Description
When running examples of the joint_matrix extension(like sycl/test/matrix/matrix-int8-test.cpp) with "clang++ -fsycl -Xsycl-target-backend --cuda-gpu-arch=sm_75 -O2 -DSYCL_EXT_ONEAPI_MATRIX_VERSION=4 matrix-int8-test.cpp -o matri.out" it compiles but then I get
"terminate called after throwing an instance of 'sycl::_V1::runtime_error'
what(): Native API failed. Native API returns: -42 (PI_ERROR_INVALID_BINARY) -42 (PI_ERROR_INVALID_BINARY)
Aborted"
I have tried many combinations of the commands and flags to compile this for cuda but most return this error when running "./matri.out".
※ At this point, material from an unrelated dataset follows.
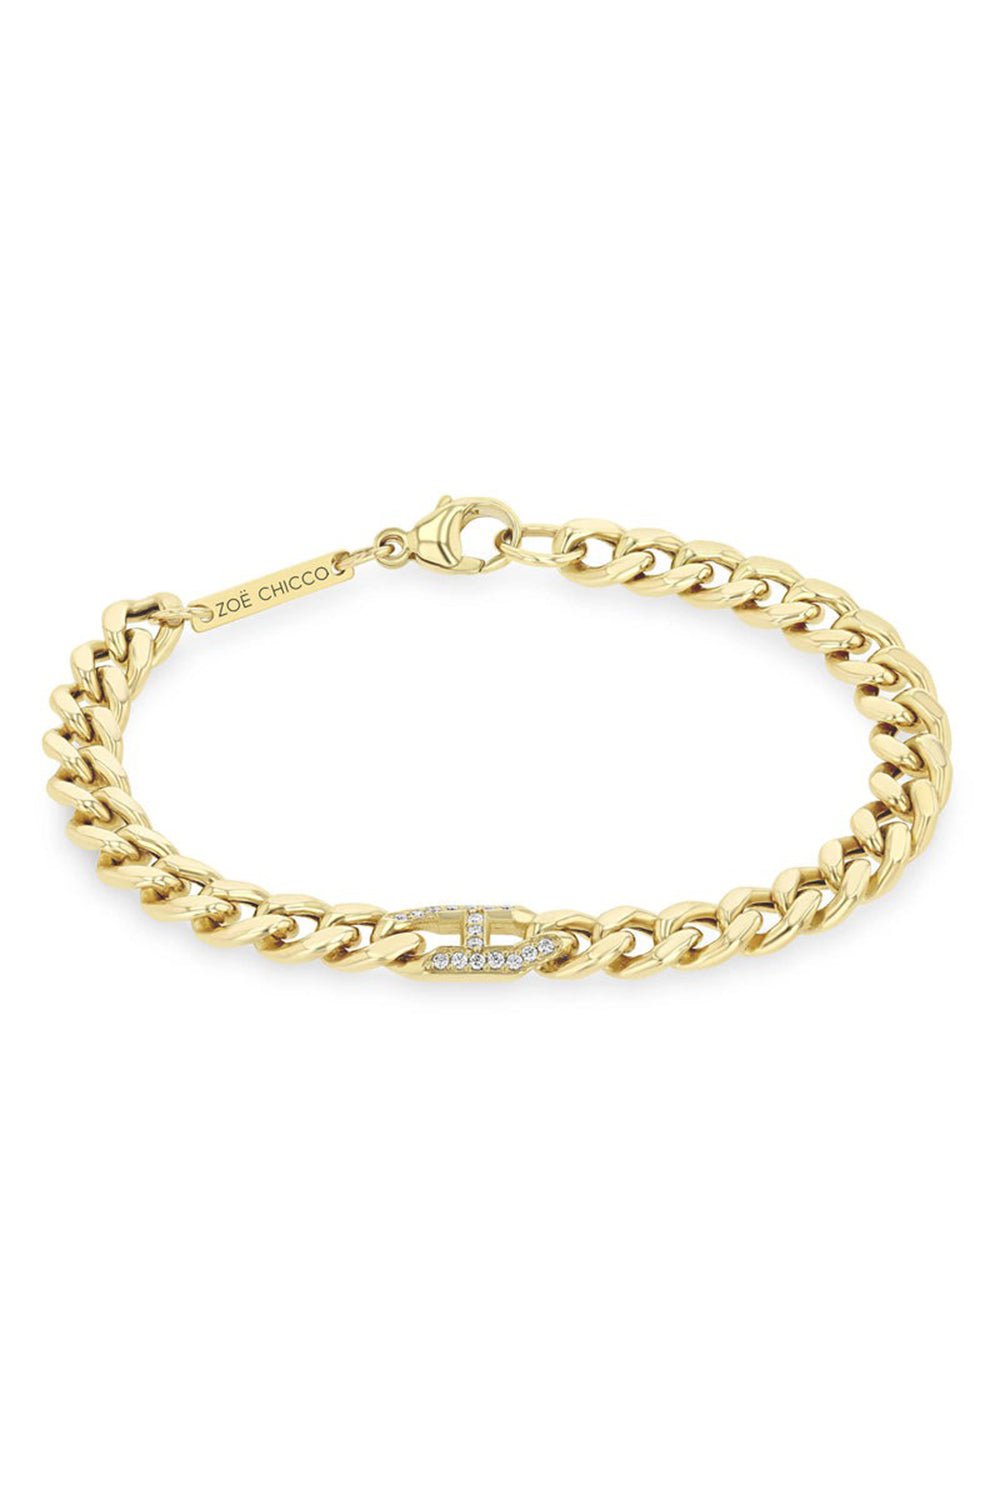 ZOE CHICCO-Mariner Link Large Curb Chain Bracelet-YELLOW GOLD

After building sycl with cuda backend I compile the "simple-sycl-app.cpp" with no issues with "clang++ -fsycl -fsycl-targets=nvptx64-nvidia-cuda \ simple-sycl-app.cpp -o simple-sycl-app-cuda.exe" and run with "ONEAPI_DEVICE_SELECTOR=cuda:* ./simple-sycl-app-cuda.exe" but any example code that uses the joint_matrix extension I cannot get to run.
Environment
- OS: Linux
- Target device and vendor: Nvidia T4
- DPC++ version: clang version 18.0.0 (https://github.com/intel/llvm 2f90192)
- CUDA : Driver Version: 525.105.17 CUDA Version: 12.0
Thanks in advance for any help.